▸ EXERCISE DESCRIPTION
Would you return the data below exactly as it stands, with every picture left out?

▸ DATASET EXTRACT
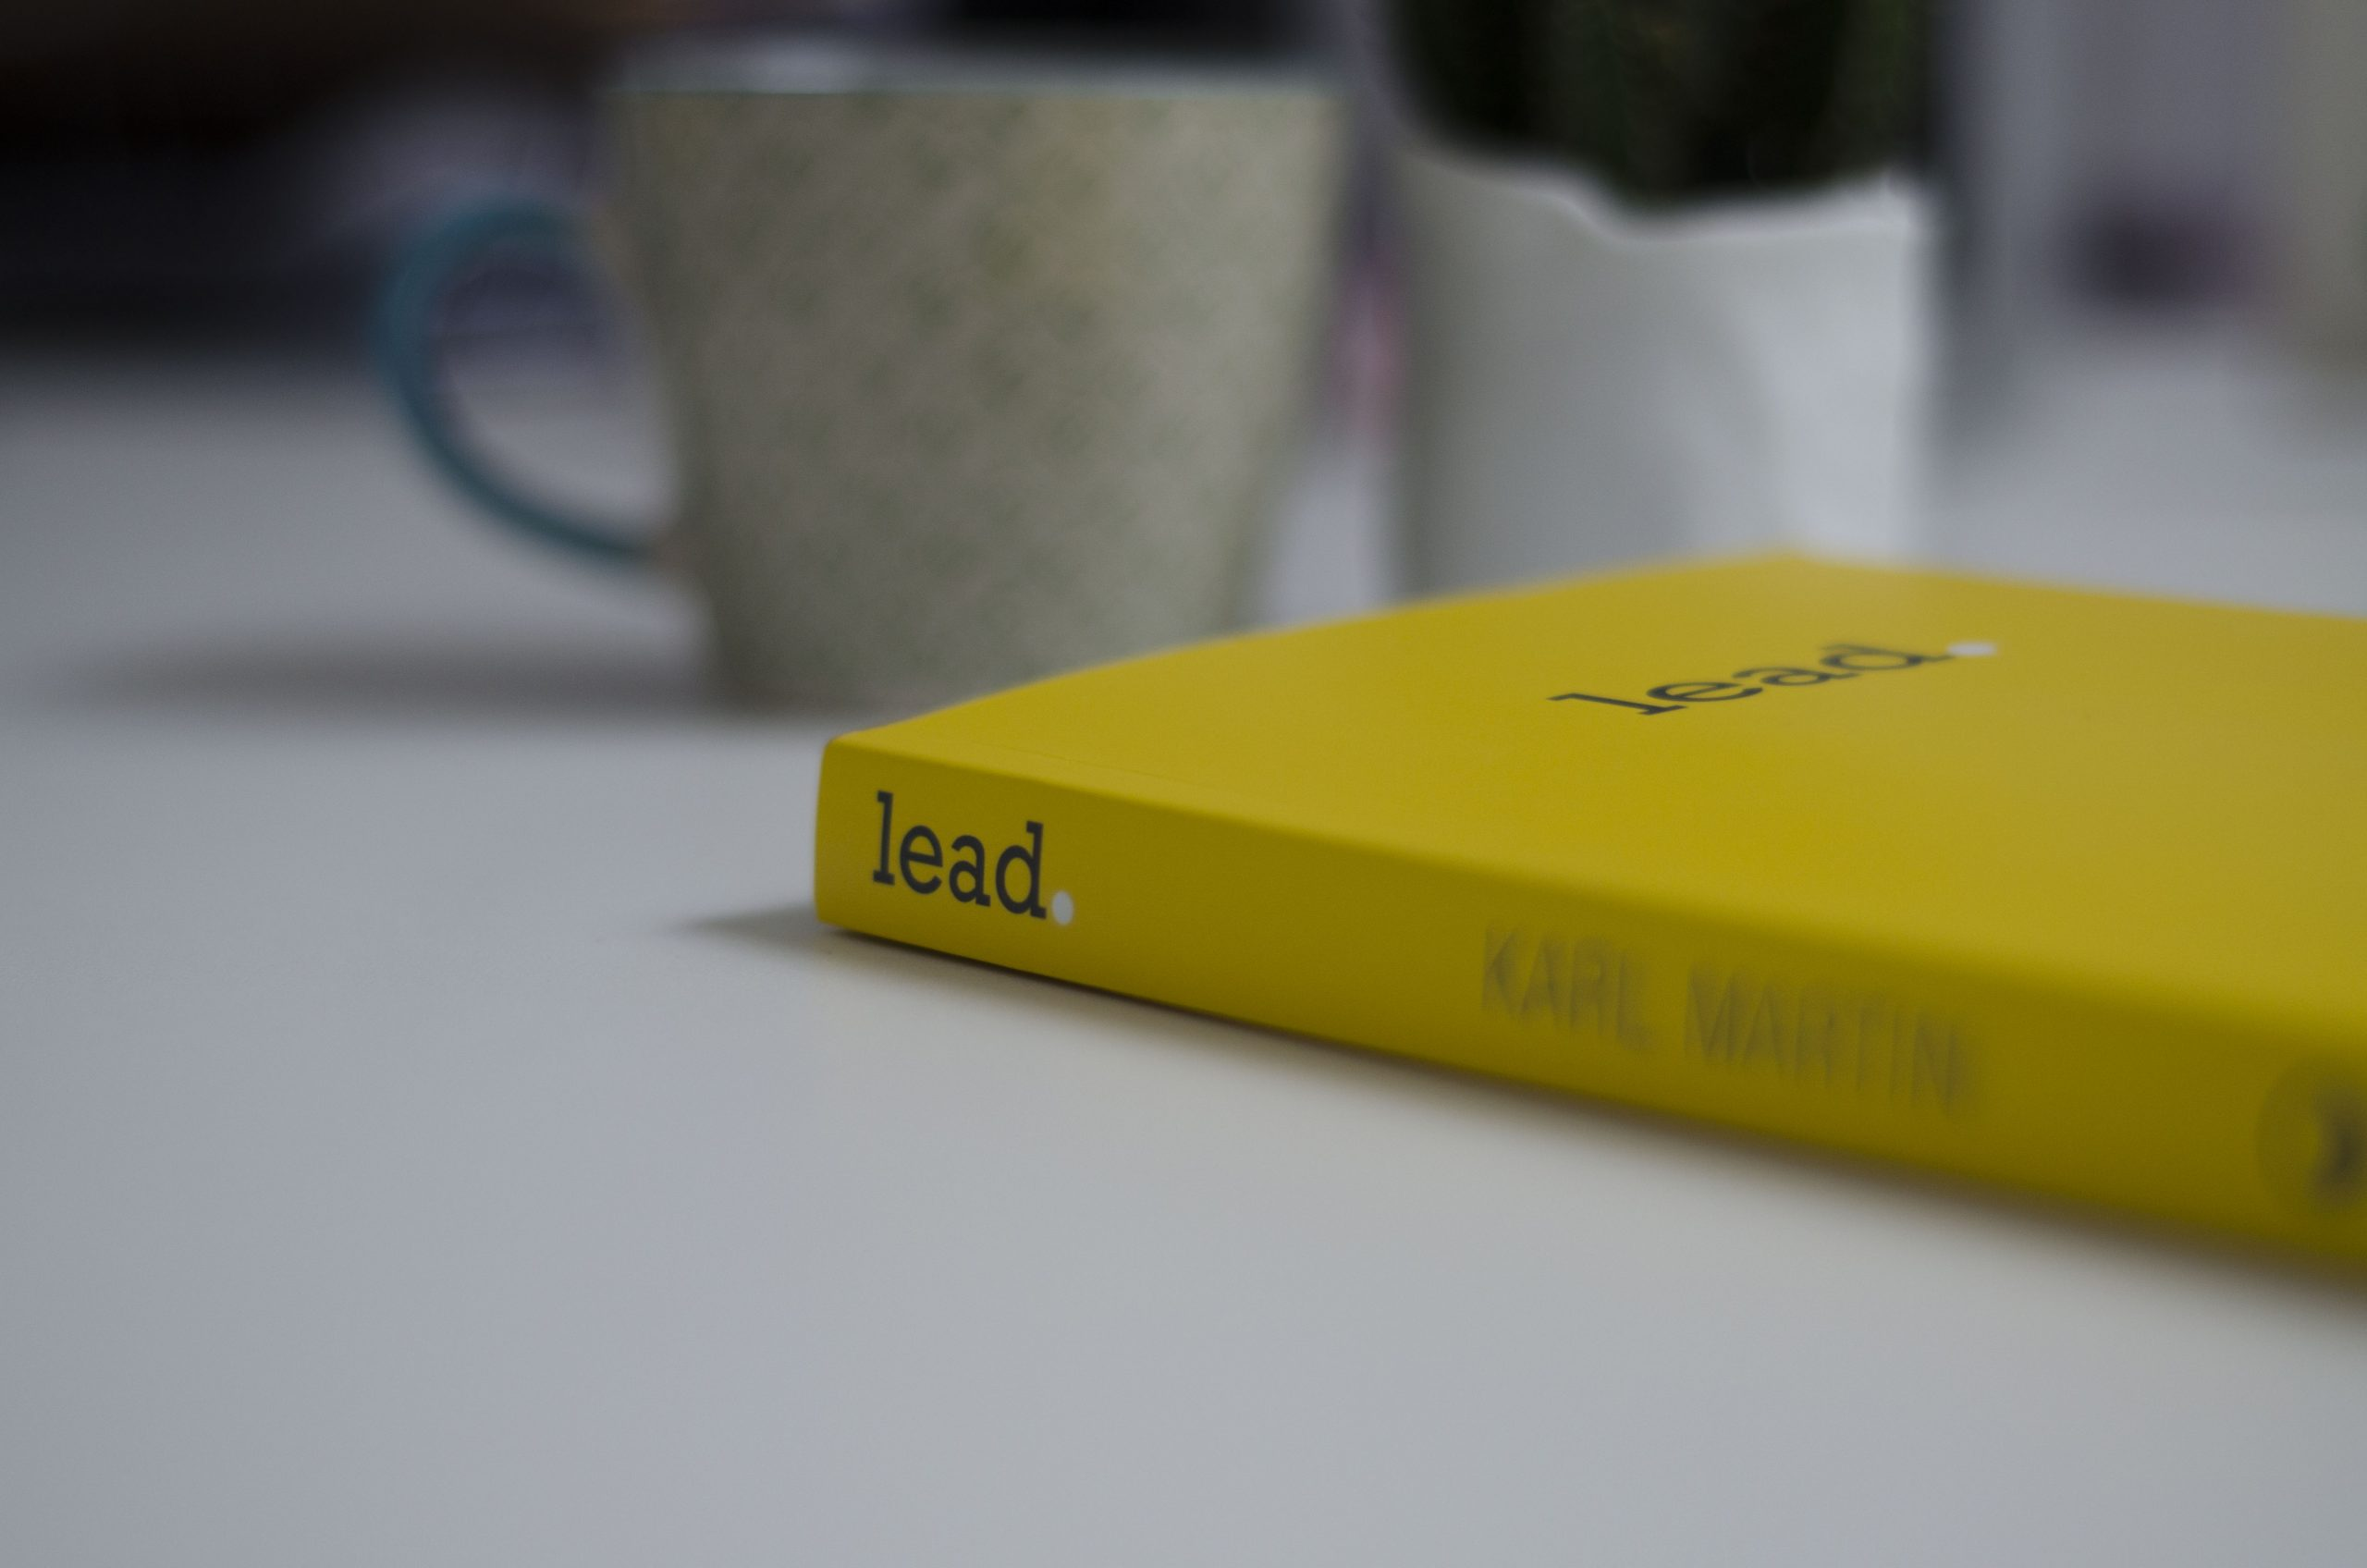 Lead by Karl Martin
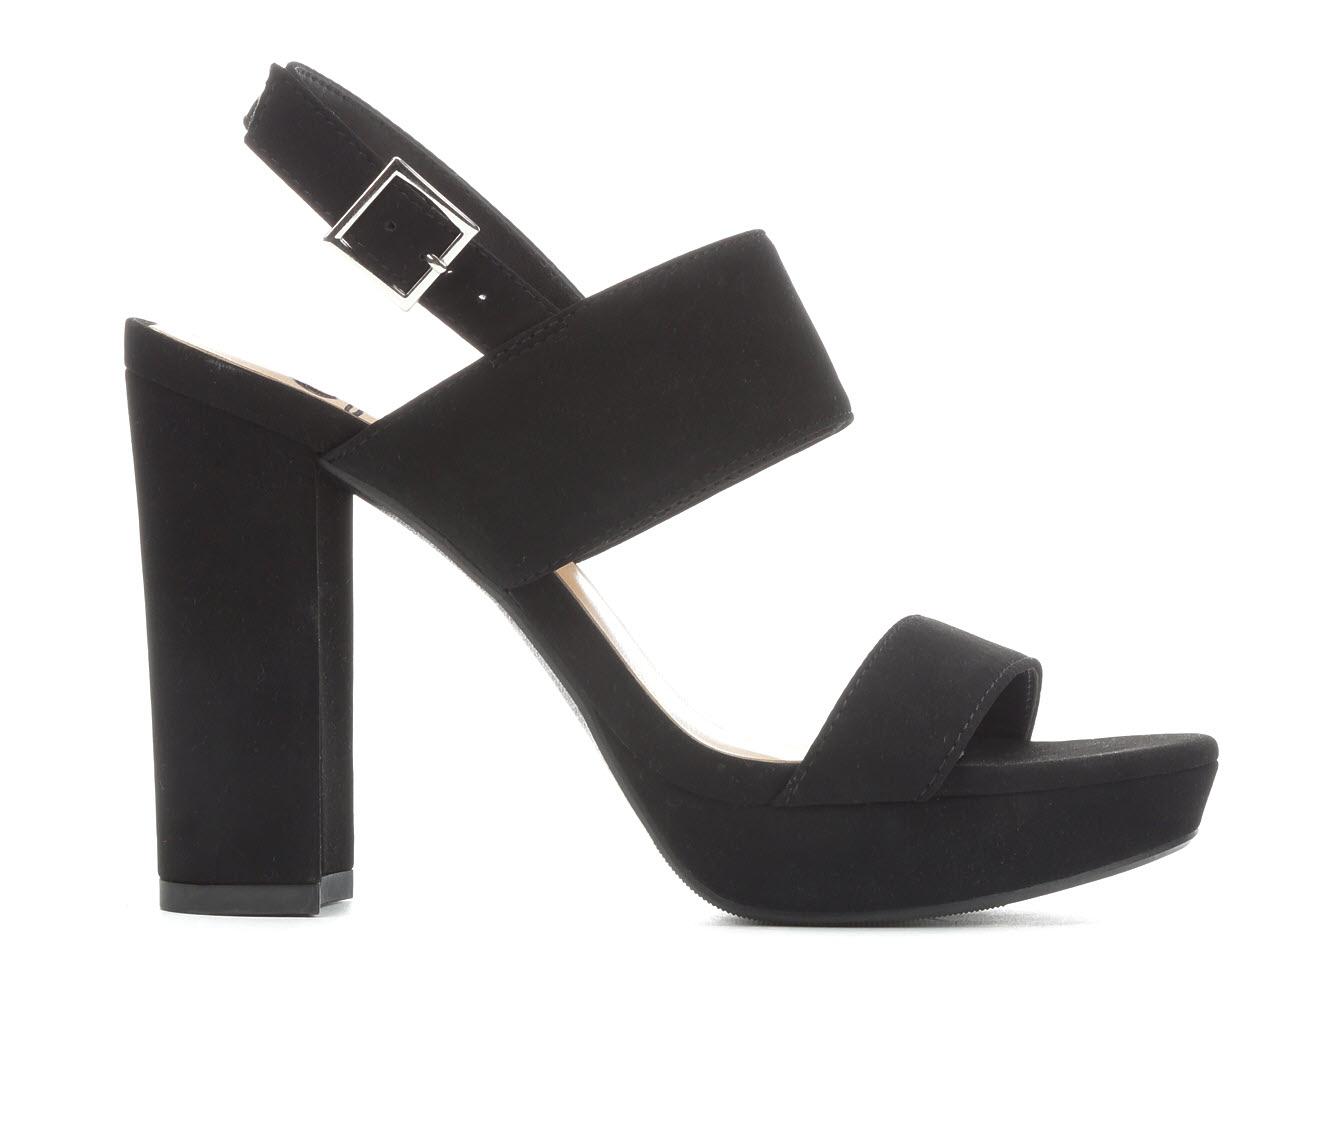 Delicious Flake Women's Dress Shoe (Black Faux Leather)
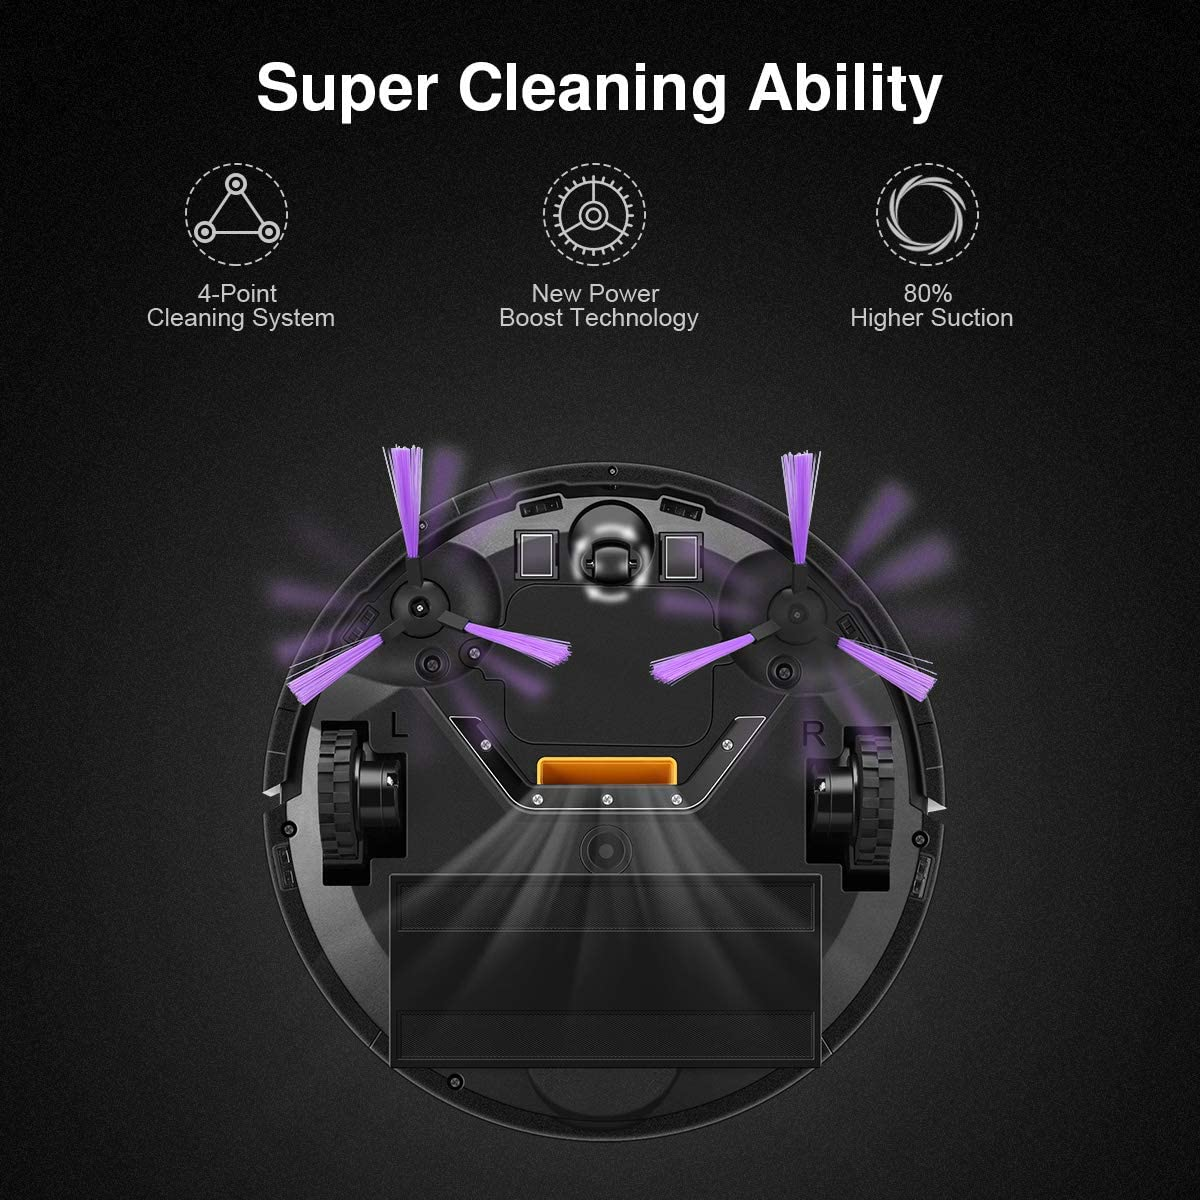 Diggro KK320 Robot Aspirador de Limpieza Patentado Aspirador de ...
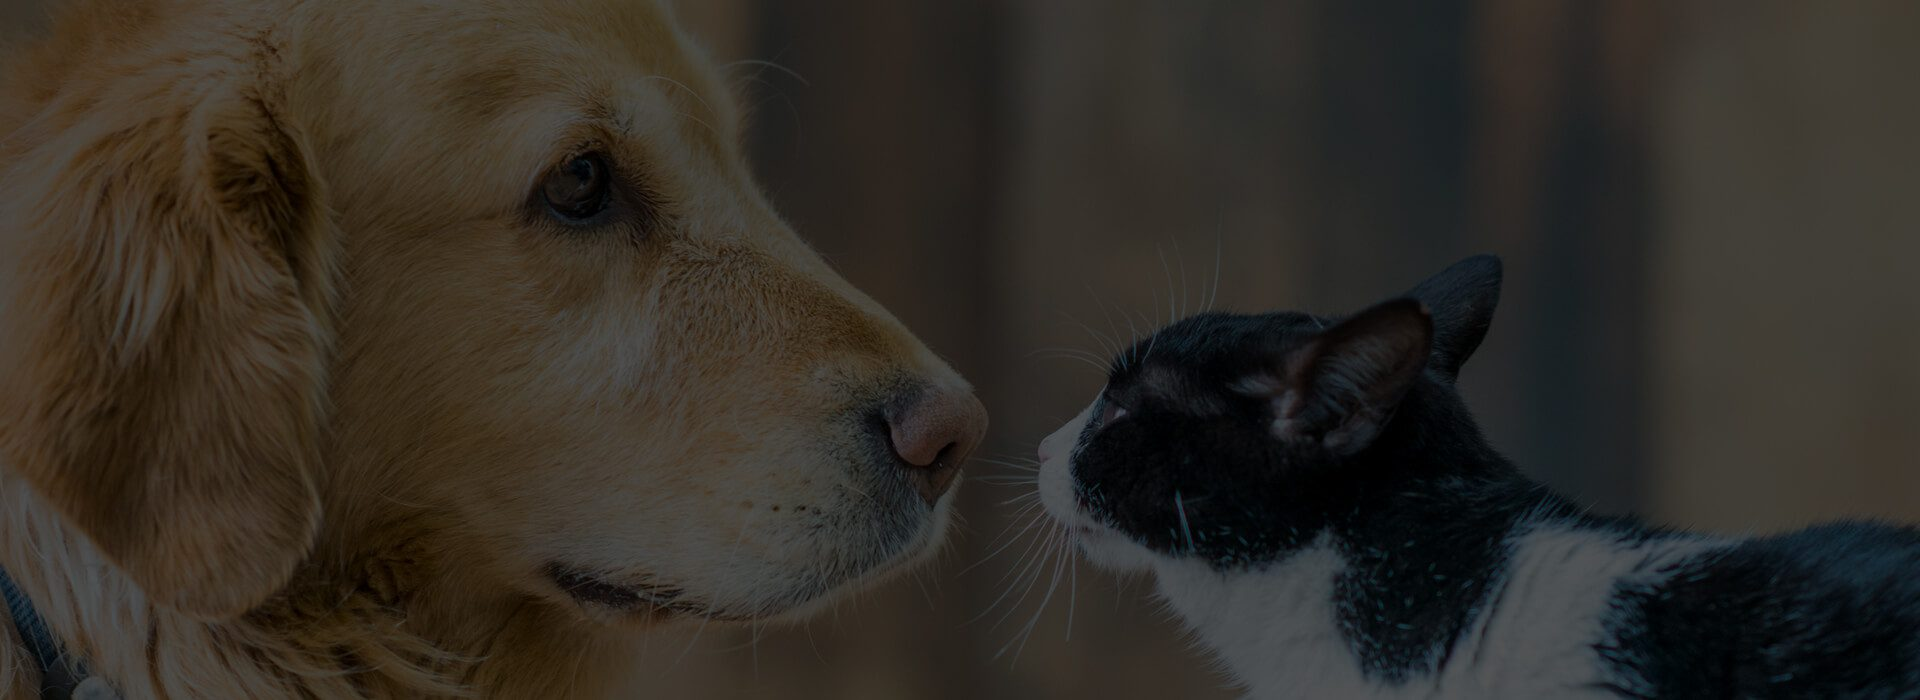 BluePearl Pet Hospital | Daly City, CA | 24/7 Emergency Pet

▸ OUTPUT OF THE EXERCISE
 Lead by Karl Martin
 Delicious Flake Women's Dress Shoe (Black Faux Leather)
 Diggro KK320 Robot Aspirador de Limpieza Patentado Aspirador de ...
 BluePearl Pet Hospital | Daly City, CA | 24/7 Emergency Pet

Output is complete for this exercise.